The new pipeline would supply an additional 55 billion cubic metres of natural gas a year from Russia to Germany.
Today, Lithuania’s energy minister will visit Ukraine to discuss construction plans for the controversial Nord Stream pipeline, which would supply an additional 55 billion cubic metres of natural gas a year from Russia to Germany and double existing levels.
German lawmakers fully approved the construction of the pipeline last month after Chancellor Angela Merkel endorsed the endeavour as a purely “economic project” unlinked to geopolitics.
However, opposition to the pipeline remains entrenched.
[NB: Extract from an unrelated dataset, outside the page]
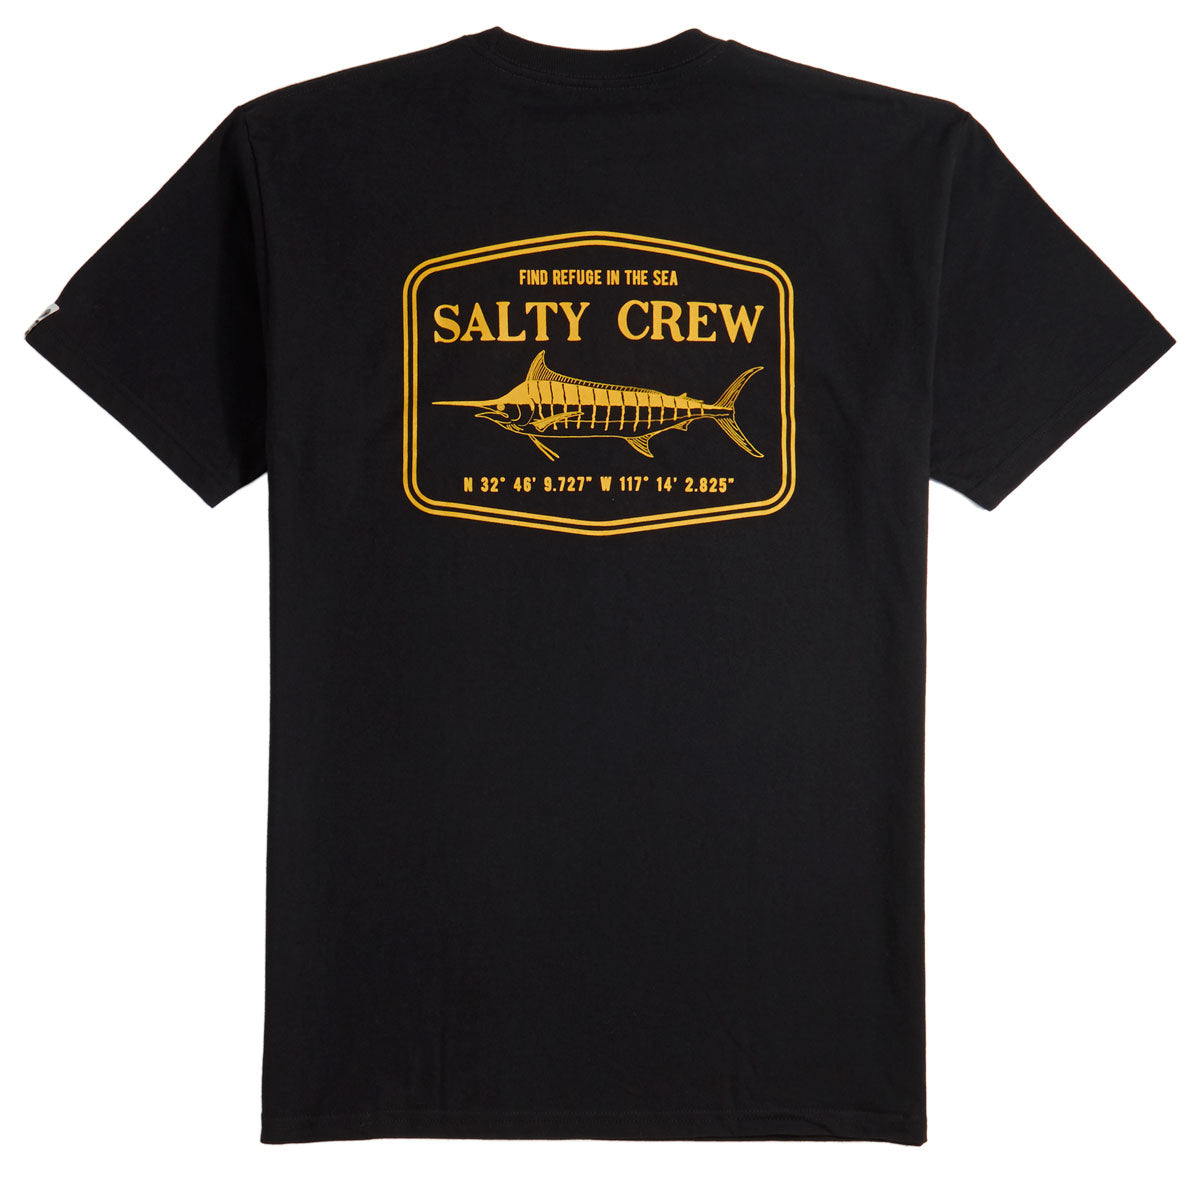 Salty Crew Stealth T-Shirt - Black image 2

Ukrainian President Petro Poroshenko, who just met for talks with the Chancellor on Tuesday, has referred to the deal as a “political bribe to Russia”; the Baltic states and US have echoed similar sentiments.
Ms Merkel’s faces pressure both to satisfy her constituents and work with Germany’s allies to put pressure on Moscow. Having recently been reelected on economic promises for the middle class, Ms Merkel is supporting a deal she believes would reduce energy costs for working families. At the same time, Russia remains one of Europe’s greatest suppliers of energy, accounting for almost 30% of Europe’s total natural gas imports. Going forward see what the Chancellor does to reassure German allies that the country remains committed on being “tough” on Moscow.